AIM OF THE TASK: Starting with the line that contains "The Casanovas - Reptilian Overlord (CD)", copy every line through the end of the listing, exactly and only those. No pictures should appear in the copy.

DATASET CONTENT:
──────

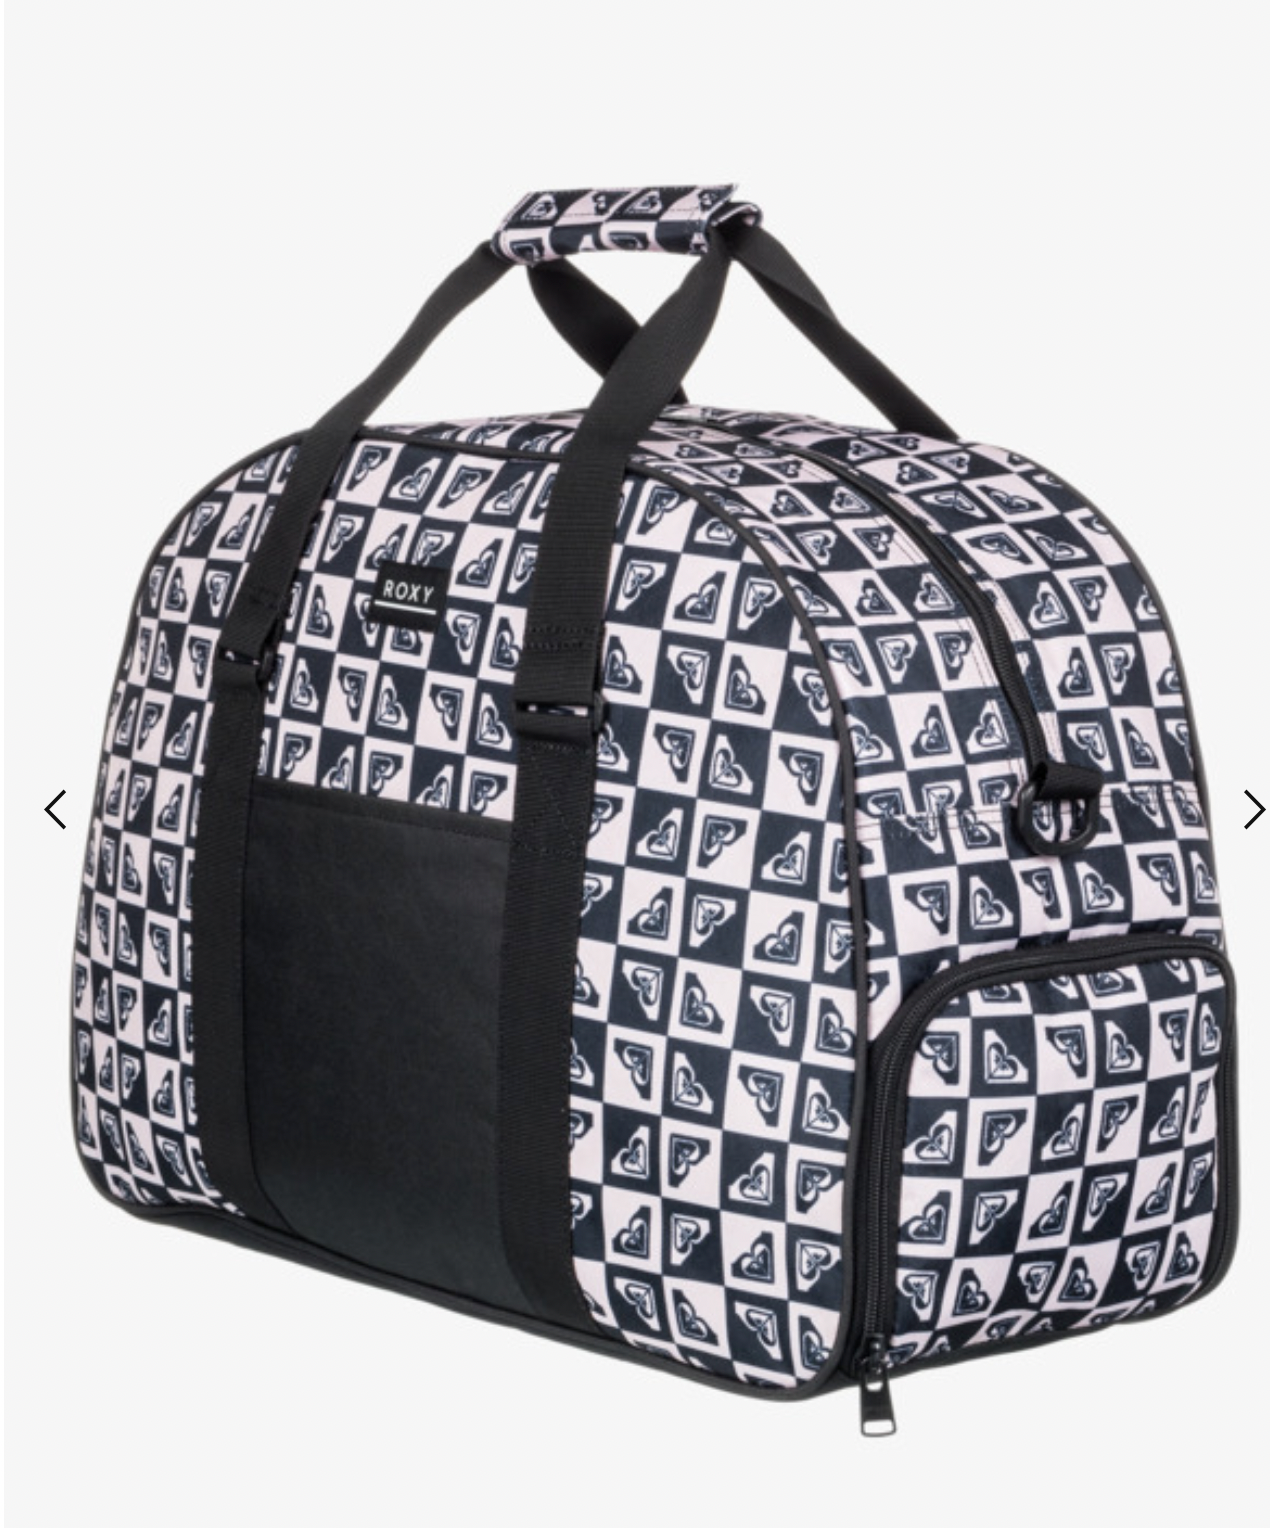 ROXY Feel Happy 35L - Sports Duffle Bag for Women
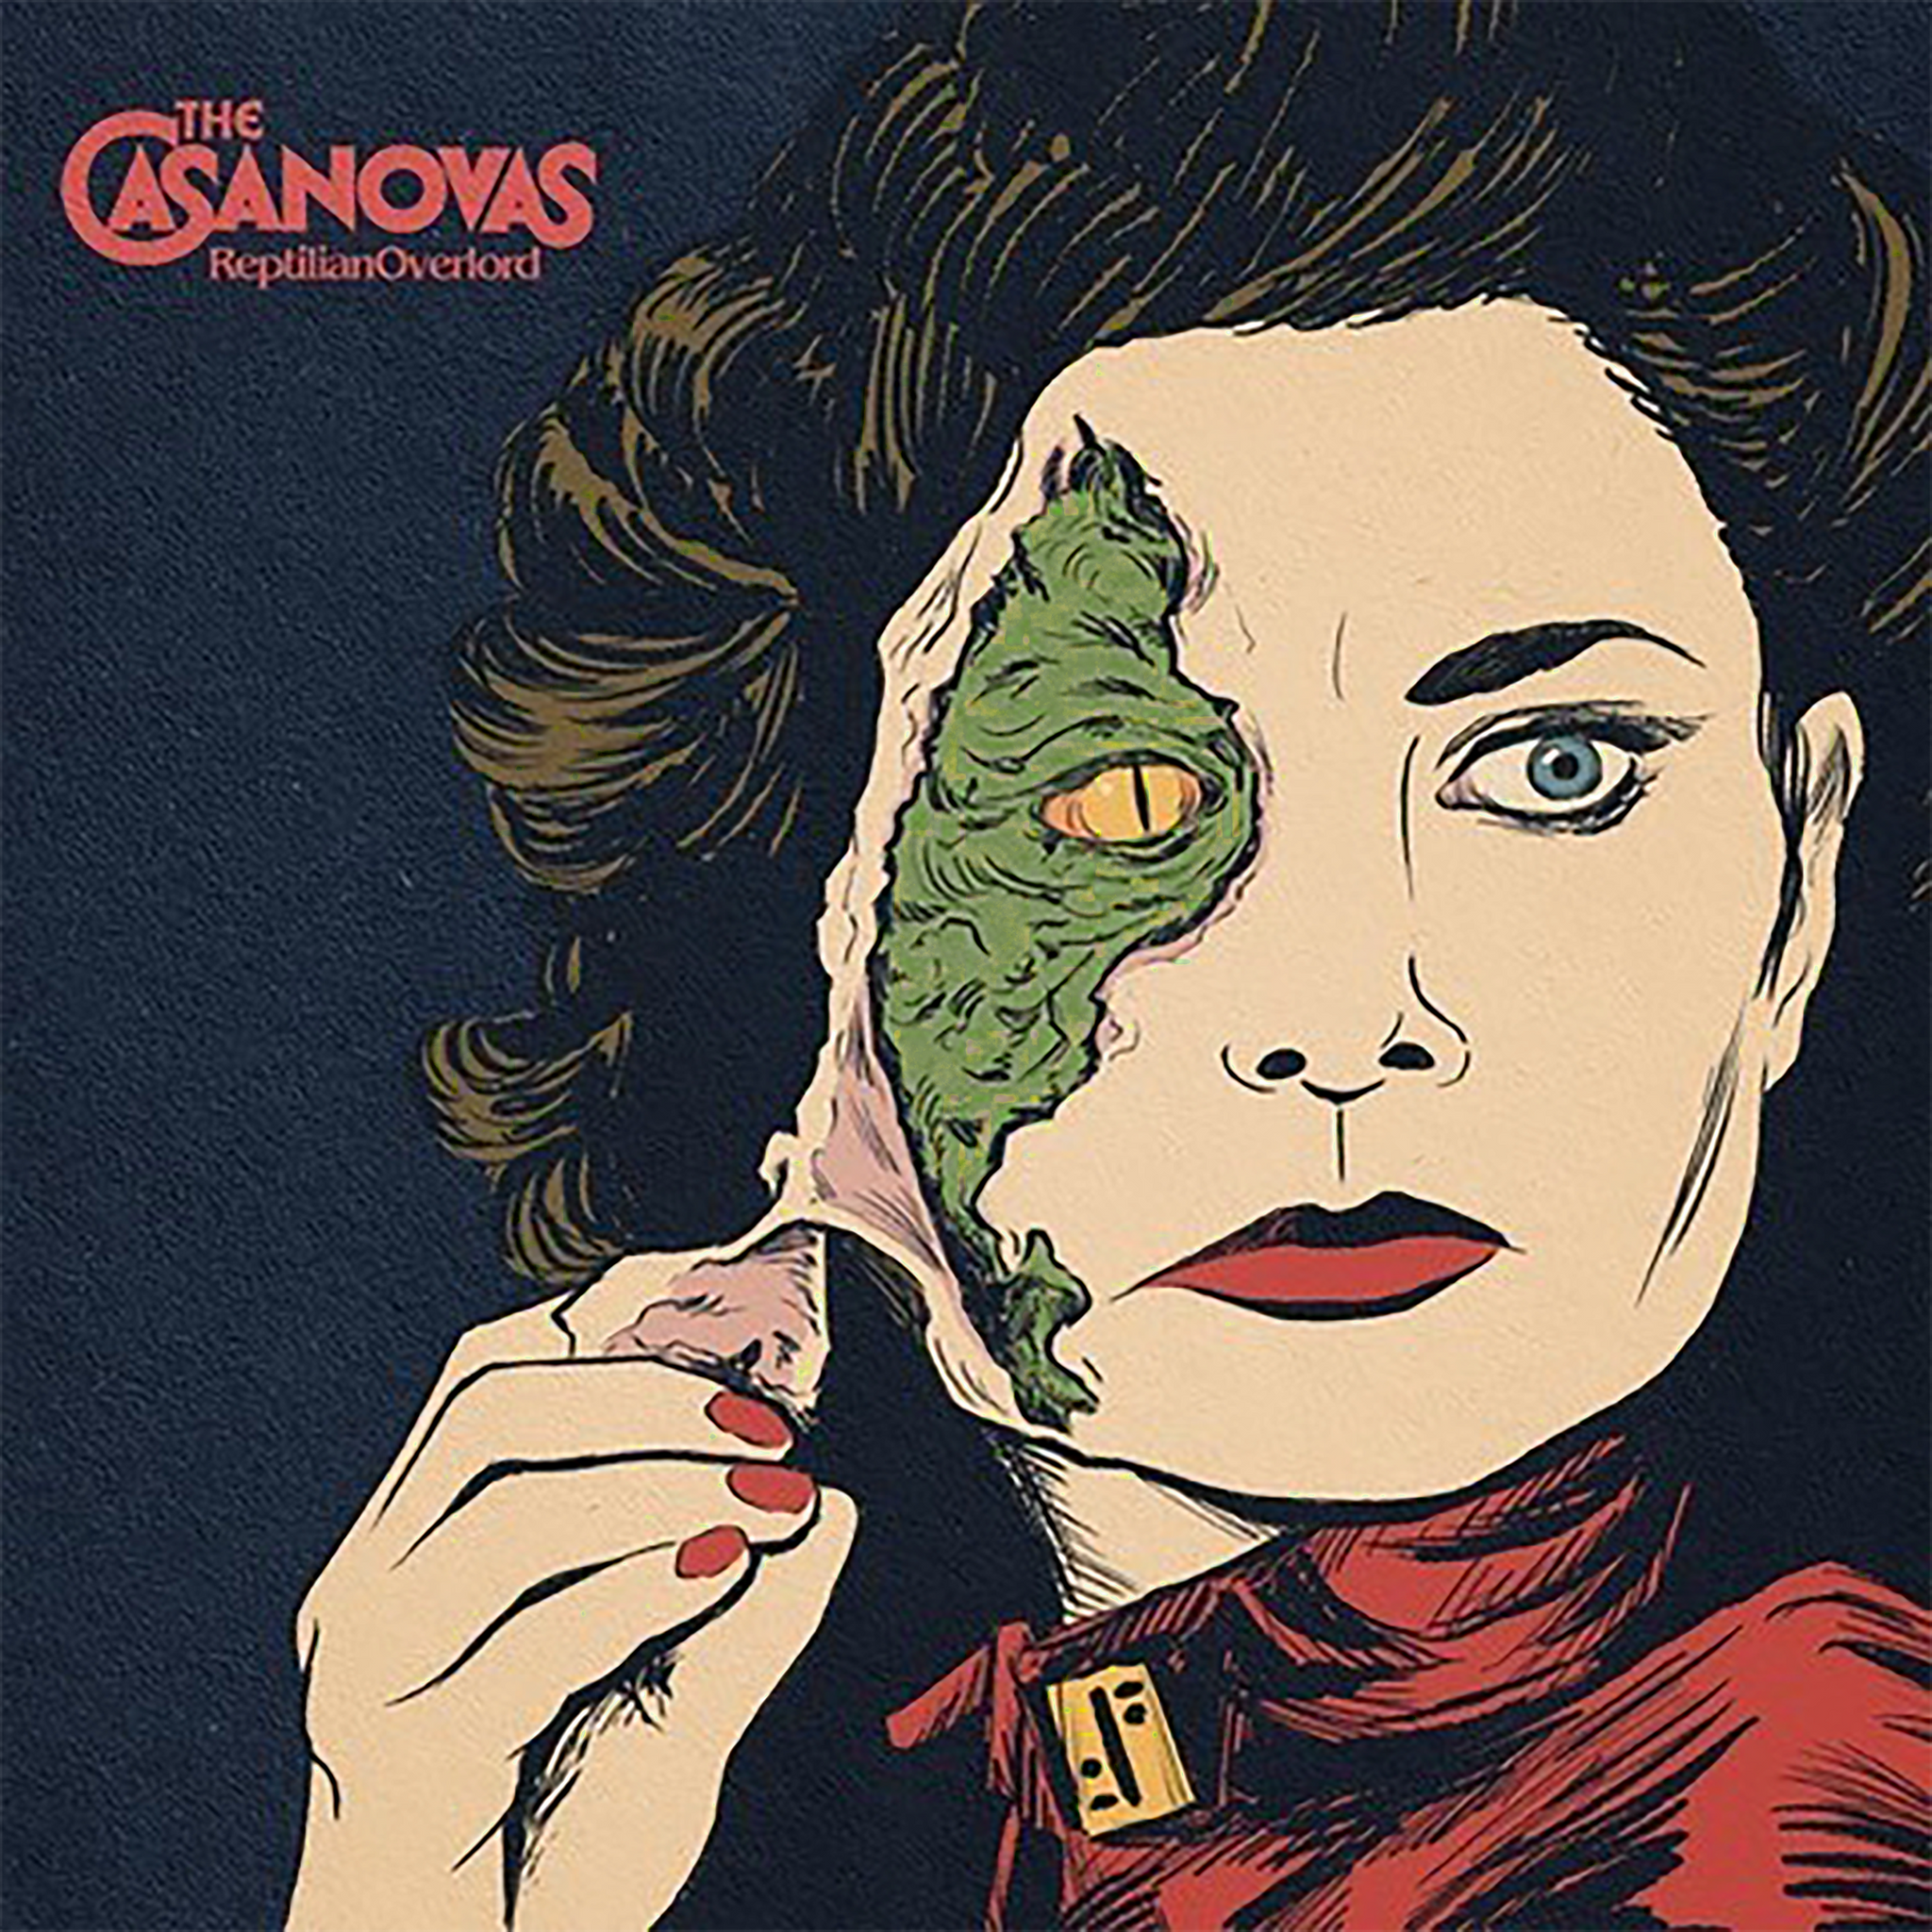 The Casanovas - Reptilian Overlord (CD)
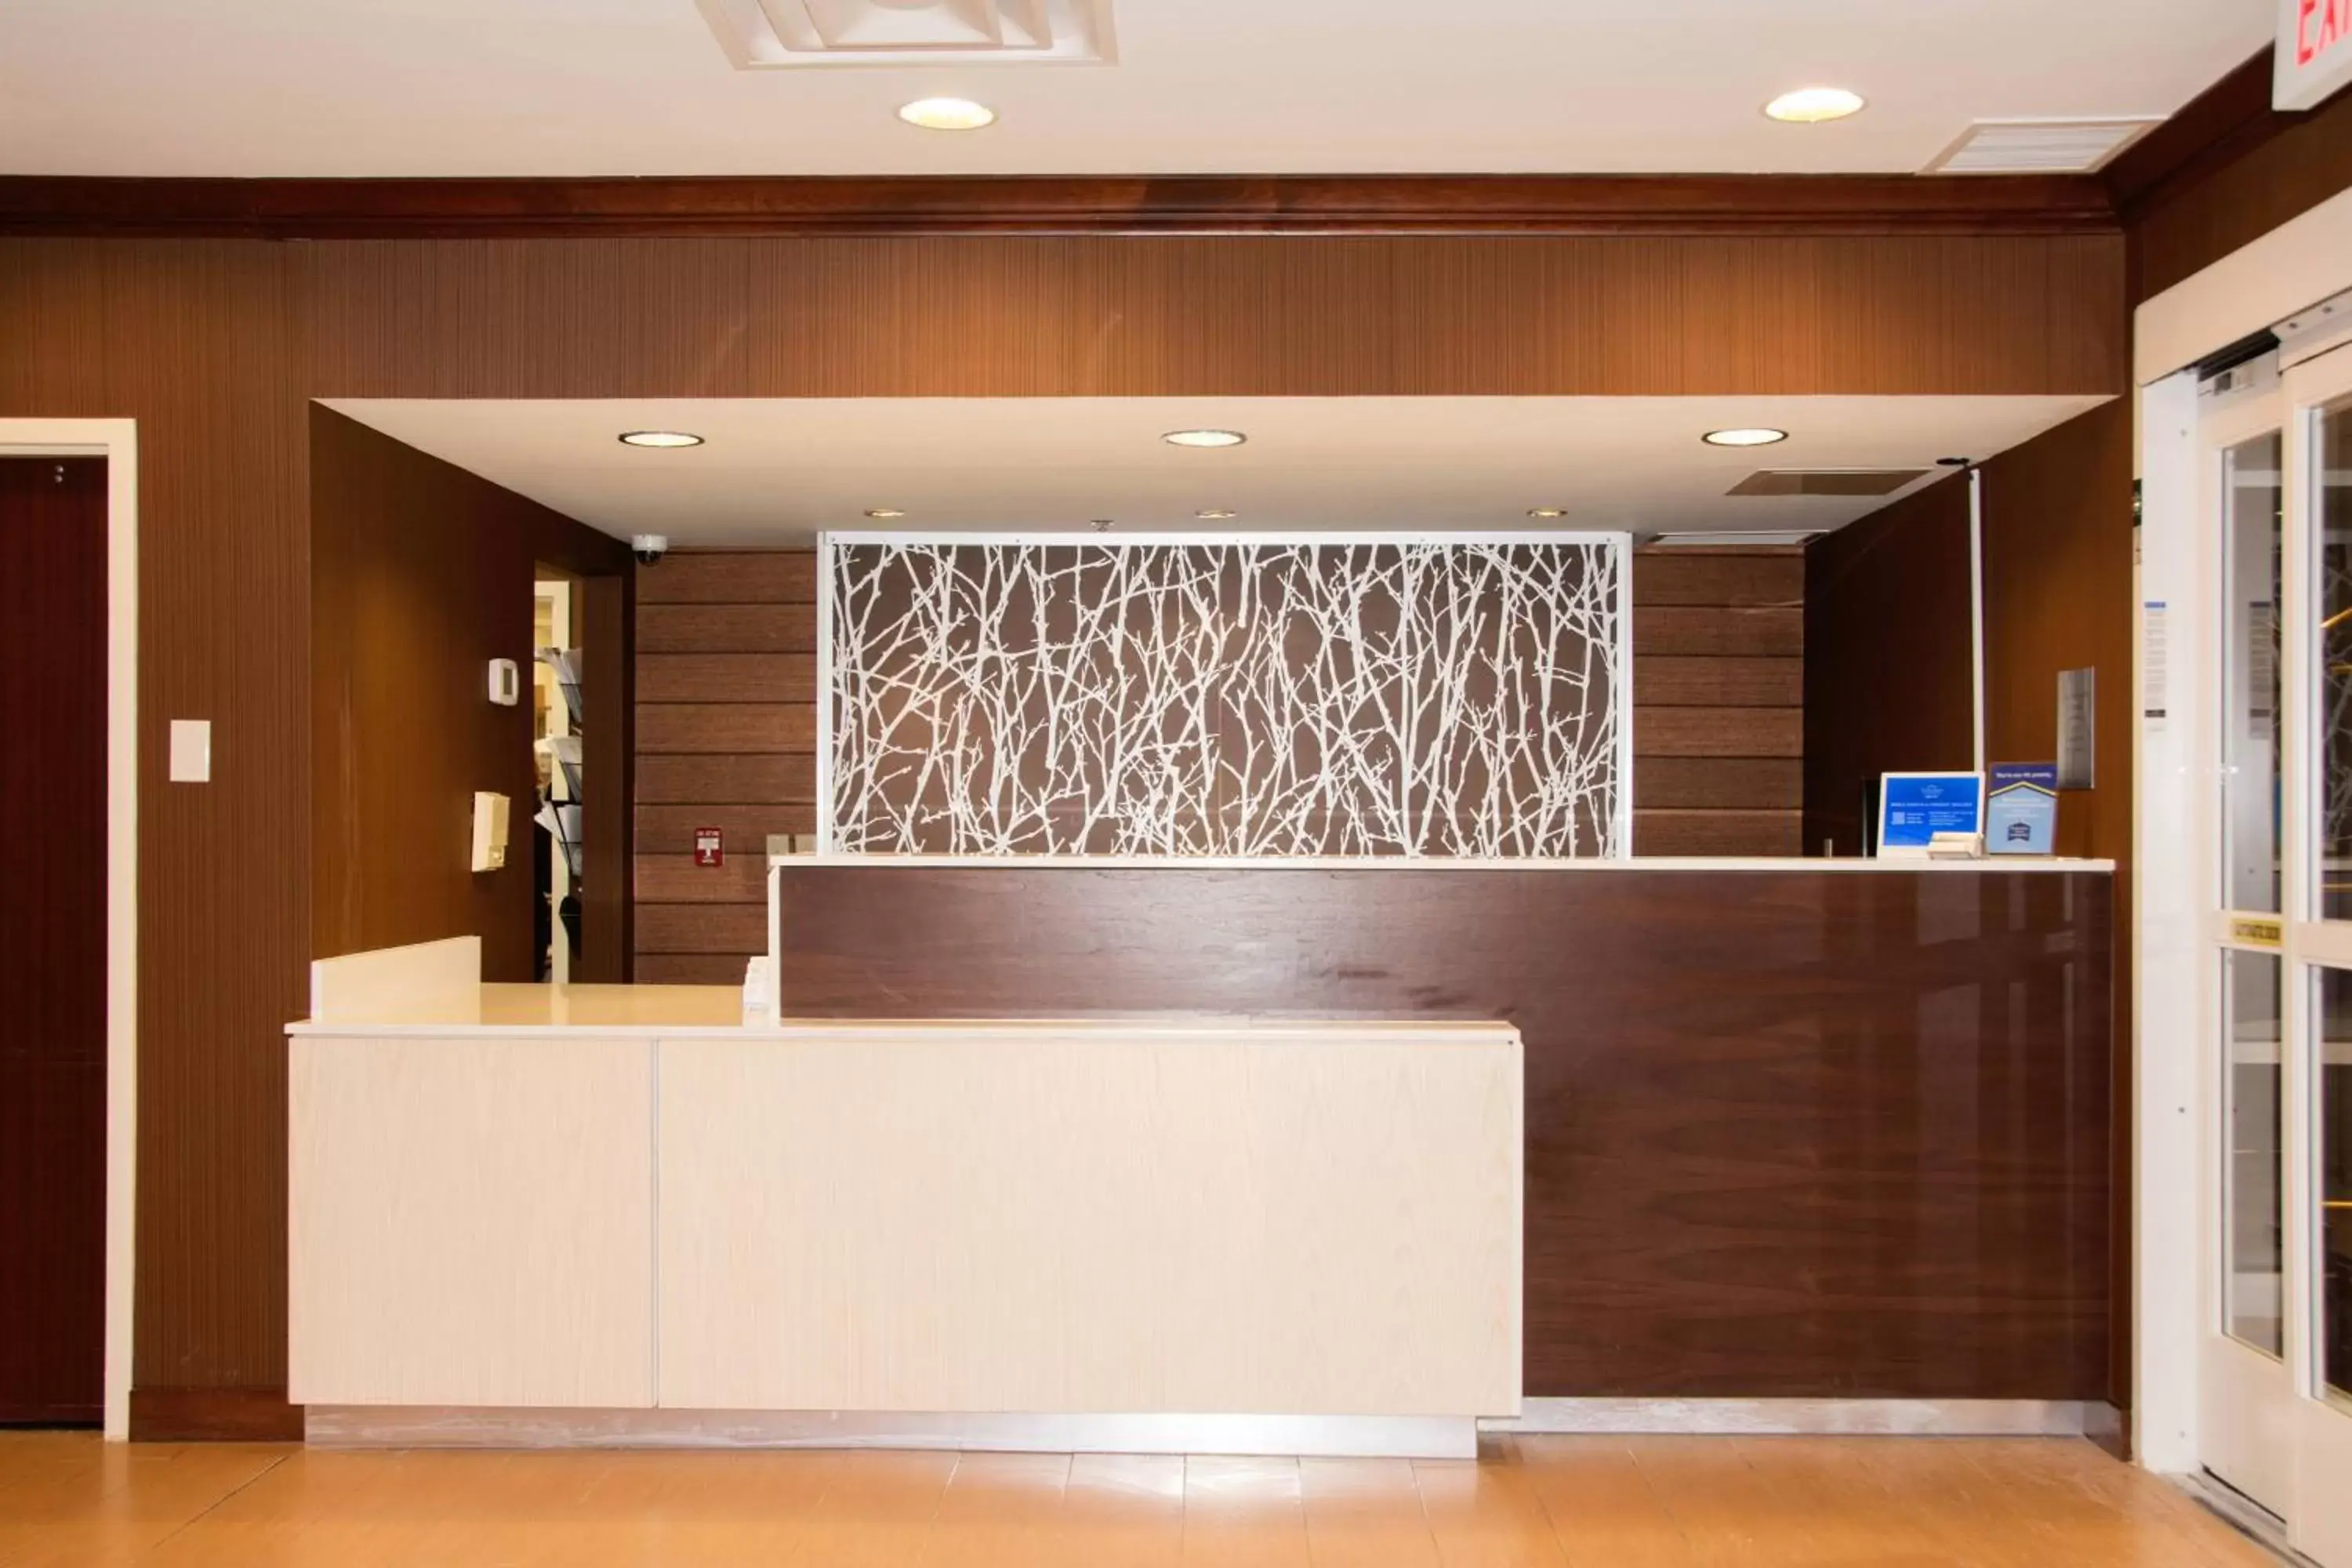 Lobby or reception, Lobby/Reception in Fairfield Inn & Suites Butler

──────

WRITTEN RESPONSE:
 The Casanovas - Reptilian Overlord (CD)
 Lobby or reception, Lobby/Reception in Fairfield Inn & Suites Butler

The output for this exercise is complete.